Restaurant information
- Location: Colorado, United States
- Website: sexy.pizza

= Sexy Pizza =

Restaurant chain in the U.S. state of Colorado

Sexy Pizza is an employee-owned chain of pizzerias based in Denver, Colorado, United States.

== Description ==
In addition to pizza, the menu includes calzones, pastas, salads, sandwiches, wings, and desserts.

== History ==
Kayvan Khalatbari, Evan Ackerfeld, and others founded the business in 2008. Khalatbari and Kyle Peters have also been owners.

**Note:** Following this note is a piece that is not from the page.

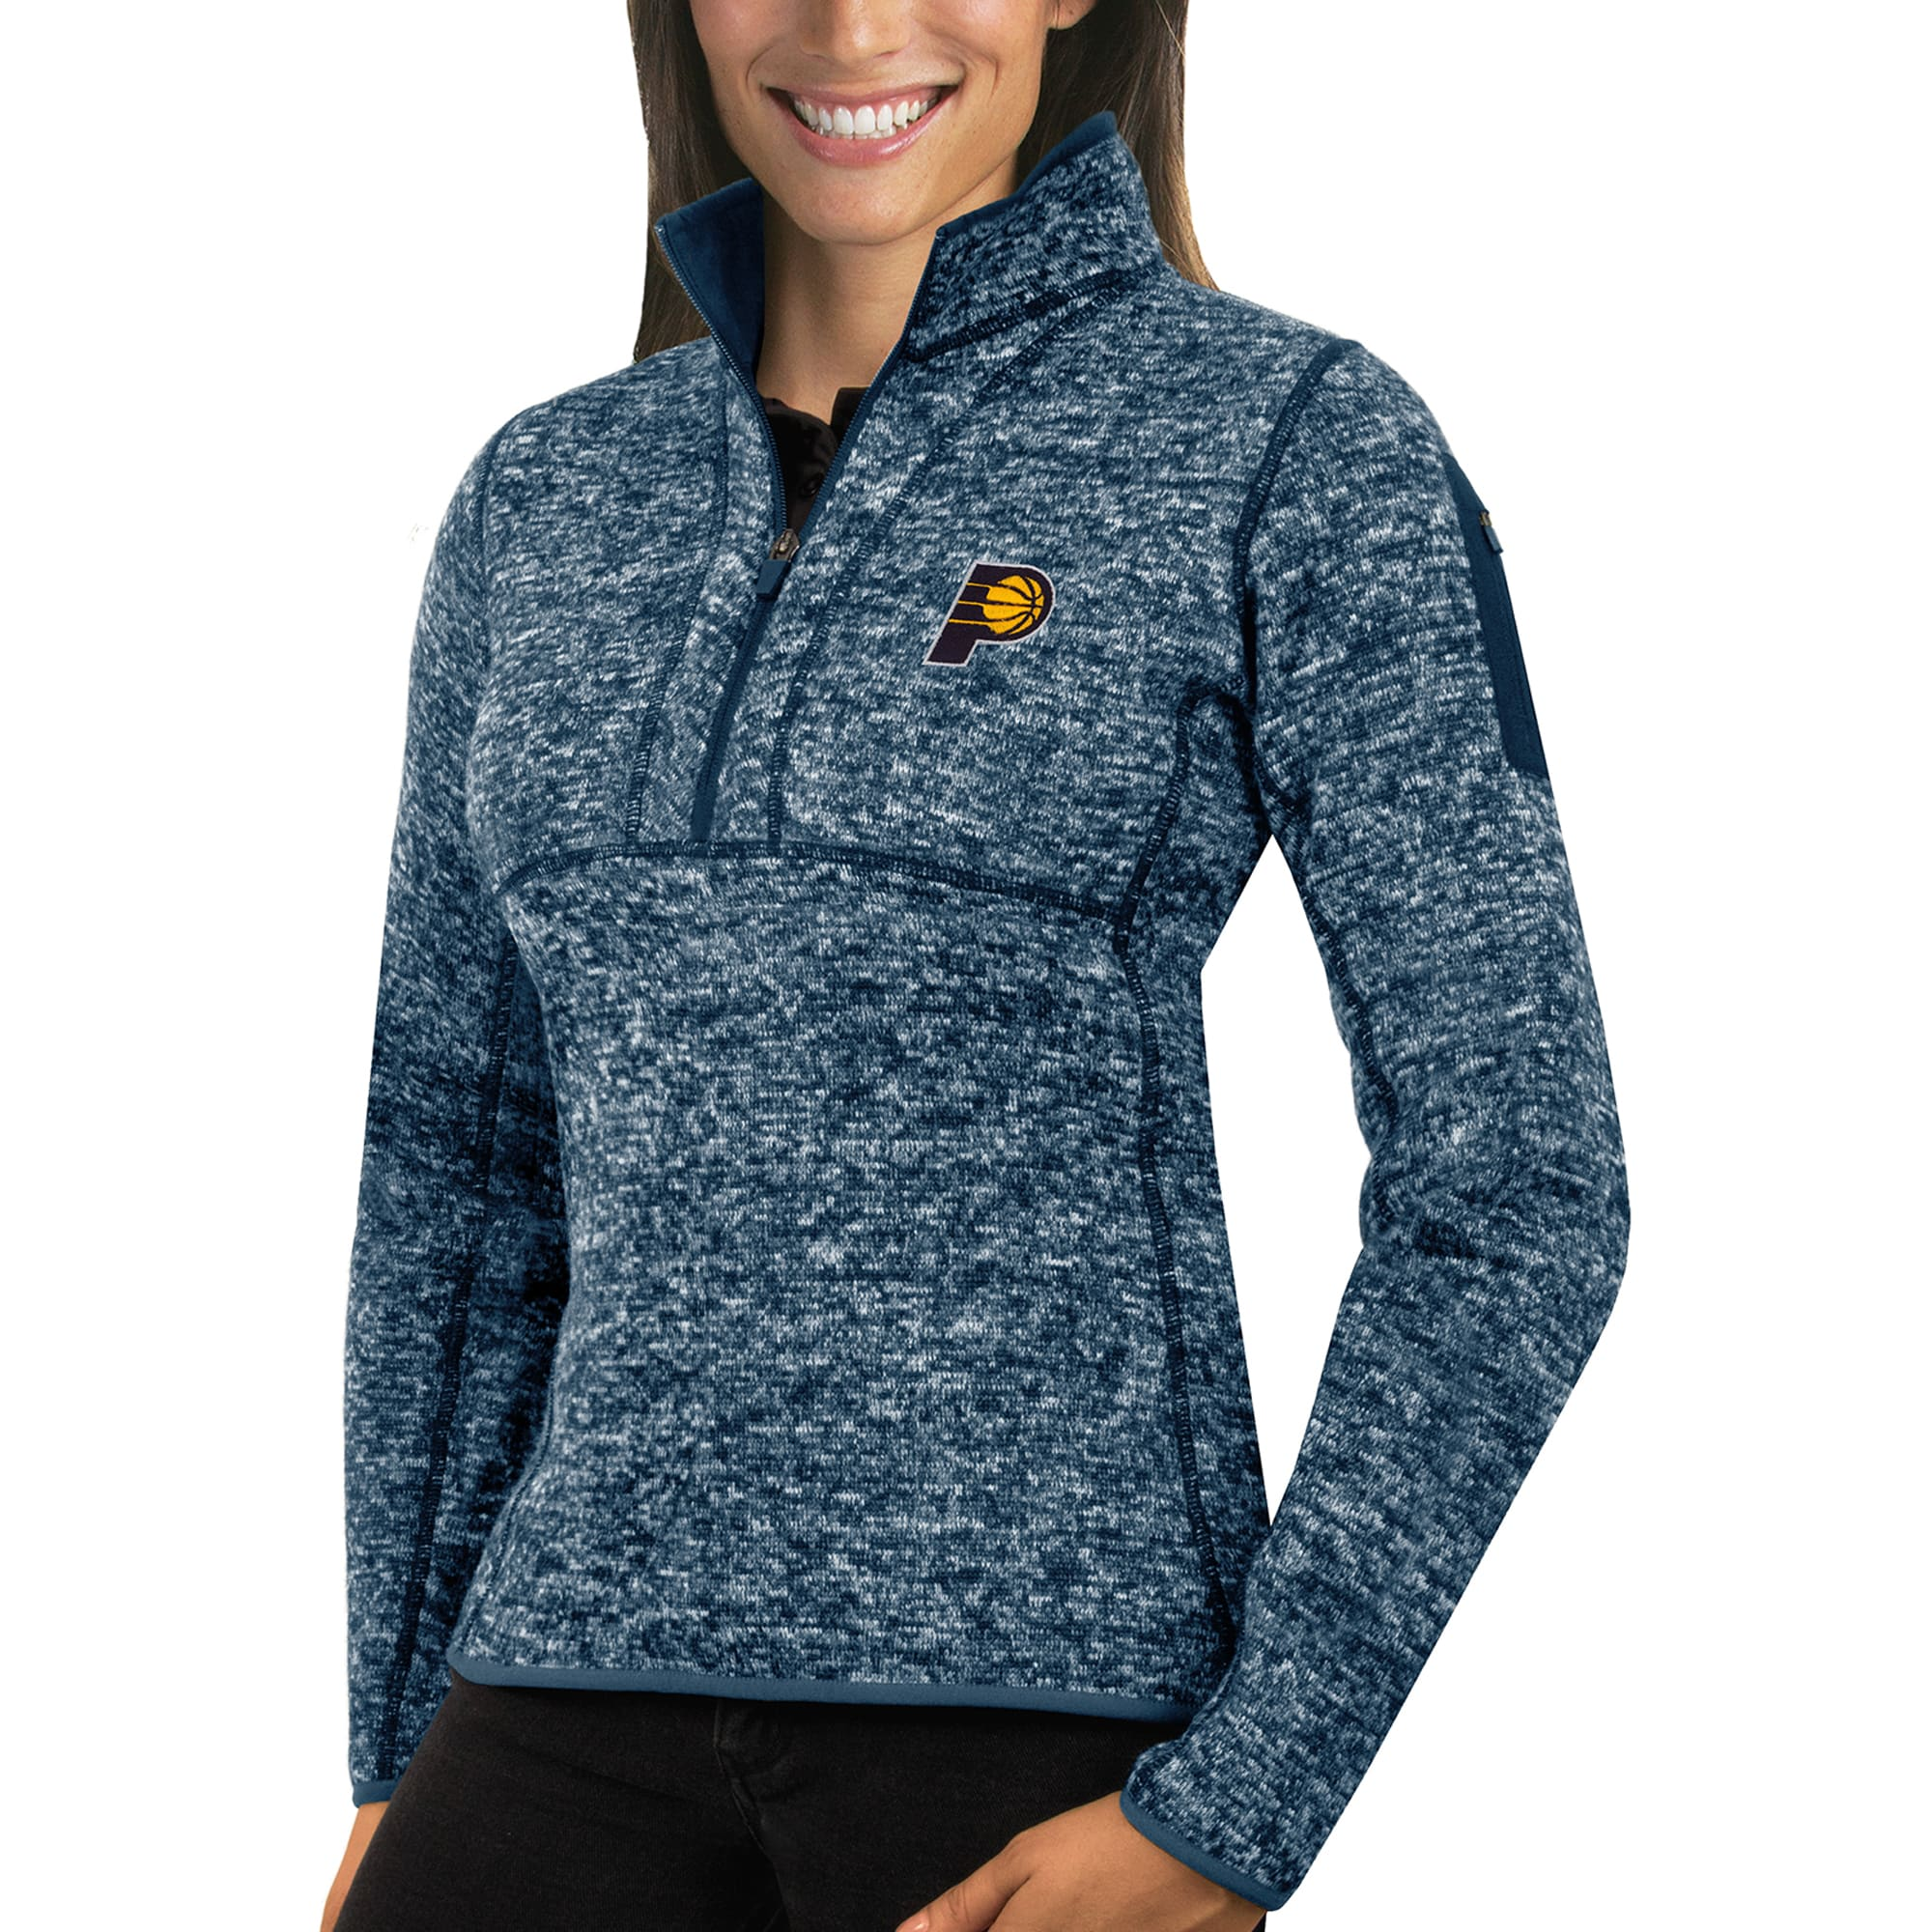 Indiana Pacers Antigua Women's Fortune Half-Zip Pullover Jacket - Heather Navy

The business has supported cannabis-related nonprofit organizations, including Law Enforcement Against Prohibition, Medical Marijuana Assistance Program of America, SAFER, and Sensible Colorado. The Associated Press has described Khalatbari as "an outspoken advocate for legal and regulated marijuana". Profits from the business have also supported the local comedy scene.

=== Locations ===
One location operated in Denver's Capitol Hill neighborhood for approximately 15 years. One Denver location has had school-style lockers for homeless people. The business has also operated in Jefferson Park and Old South Pearl. In Trinidad, Sexy Pizza operated alongside Grandma's House in a former train station. Locations have also stocked Narcan.

== Reception ==
Sexy Pizza was the readers' choice in the Best Pizza category of Westwords annual 'Best of Denver' poll in 2012. Kristen Kuchar included the business in the newspaper's 2017 list of ten "great" pizzerias for plant-based options.